The successful revival of three-dimensional (3D) cinema has generated a great deal of interest in 3D video. However, contemporary eyewear-assisted displaying technologies are not well suited for the less restricted scenarios outside movie theaters. The next generation of 3D displays, autostereoscopic multiview displays, overcome the restrictions of traditional stereoscopic 3D and can provide an important boost for 3D television (3DTV). Then again, such displays require scene depth information in order to reduce the amount of necessary input data. Acquiring this information is quite complex and challenging, thus restricting content creators and limiting the amount of available 3D video content. Nonetheless, without broad and innovative 3D television programs, even next-generation 3DTV will lack customer appeal. Therefore simplified 3D video content generation is essential for the medium's success.

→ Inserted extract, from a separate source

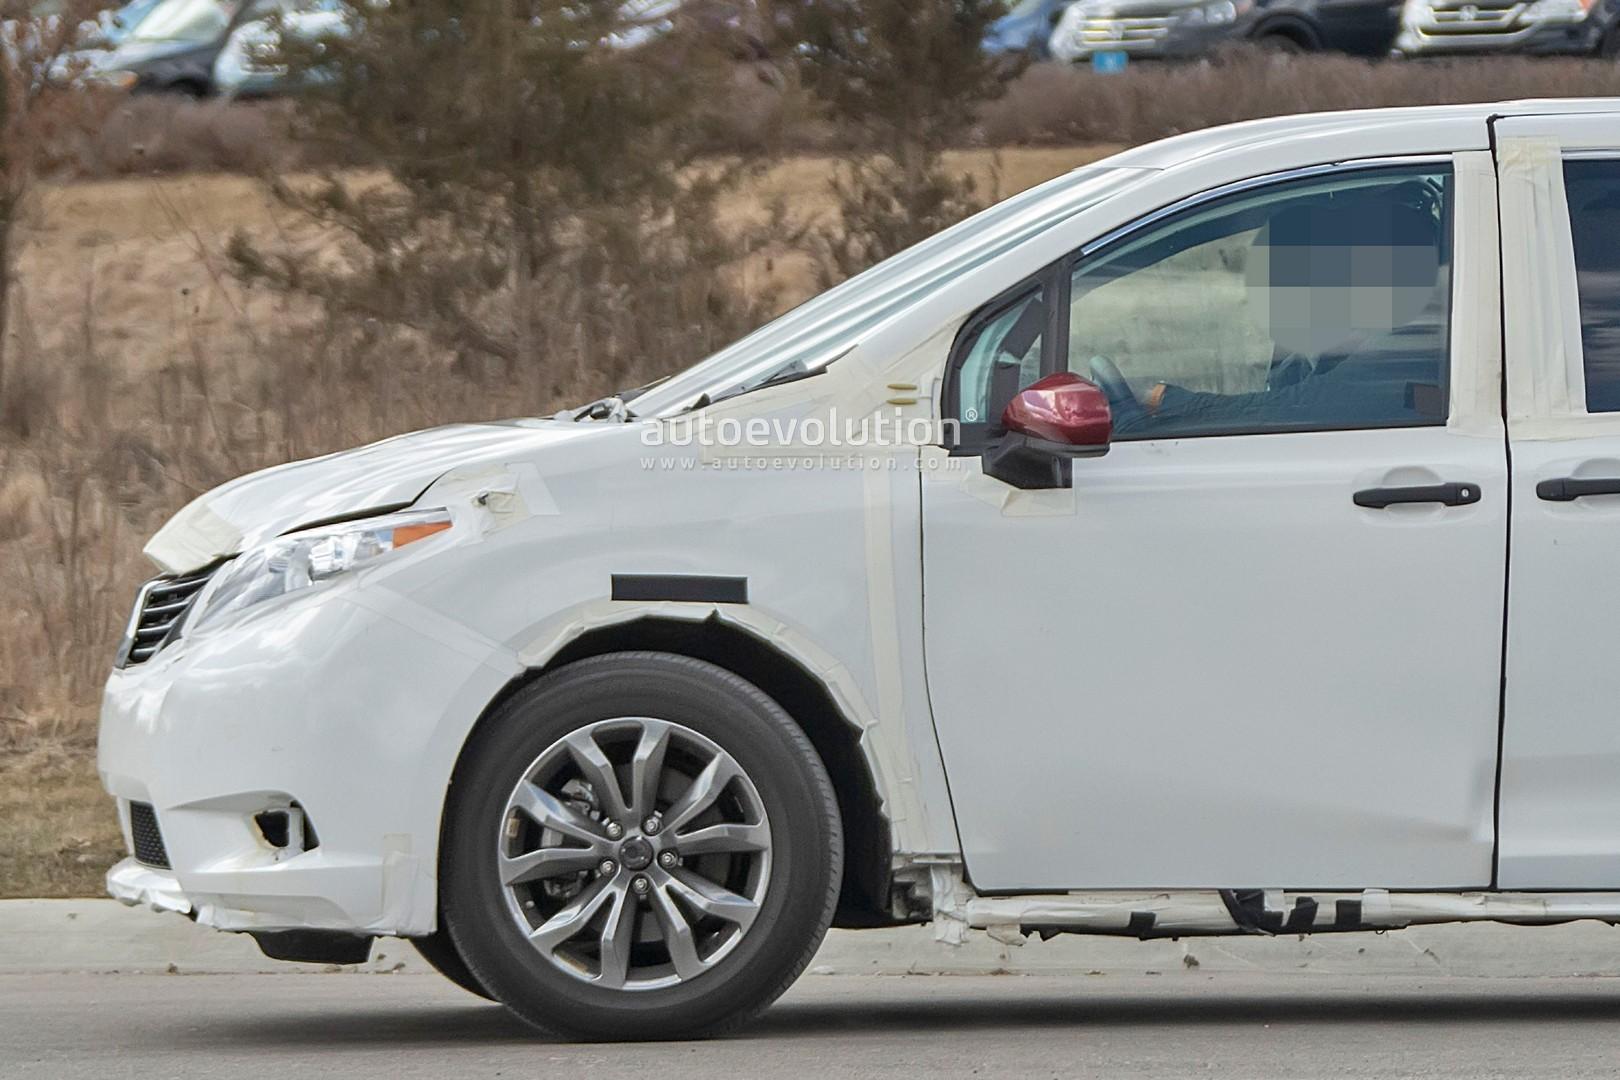 2021 Toyota Sienna Test Mule Previews Larger TNGA Minivan ...

This dissertation surveys the advantages and limitations of contemporary 3D video acquisition. Based on these findings, a combination of dedicated depth sensors, so-called Time-of-Flight (ToF) cameras, and video cameras, is investigated with the aim of simplifying 3D video content generation. The concept of Time-of-Flight sensor fusion is analyzed in order to identify suitable courses of action for high quality 3D video acquisition. In order to overcome the main drawback of current Time-of-Flight technology, namely the high sensor noise and low spatial resolution, a weighted optimization approach for Time-of-Flight super-resolution is proposed. This approach incorporates video texture, measurement noise and temporal information for high quality 3D video acquisition from a single video plus Time-of-Flight camera combination. Objective evaluations show benefits with respect to state-of-the-art depth upsampling solutions. Subjective visual quality assessment confirms the objective results, with a significant increase in viewer preference by a factor of four. Furthermore, the presented super-resolution approach can be applied to other applications, such as depth video compression, providing bit rate savings of approximately 10 percent compared to competing depth upsampling solutions. The work presented in this dissertation has been published in two scientific journals and five peer-reviewed conference proceedings. In addition, the super-resolution approach has been granted patent protection.
In conclusion, Time-of-Flight sensor fusion can help to simplify 3D video content generation, consequently supporting a larger variety of available content. Thus, this dissertation provides important inputs towards broad and innovative 3D video content, hopefully contributing to the future success of next-generation 3DTV.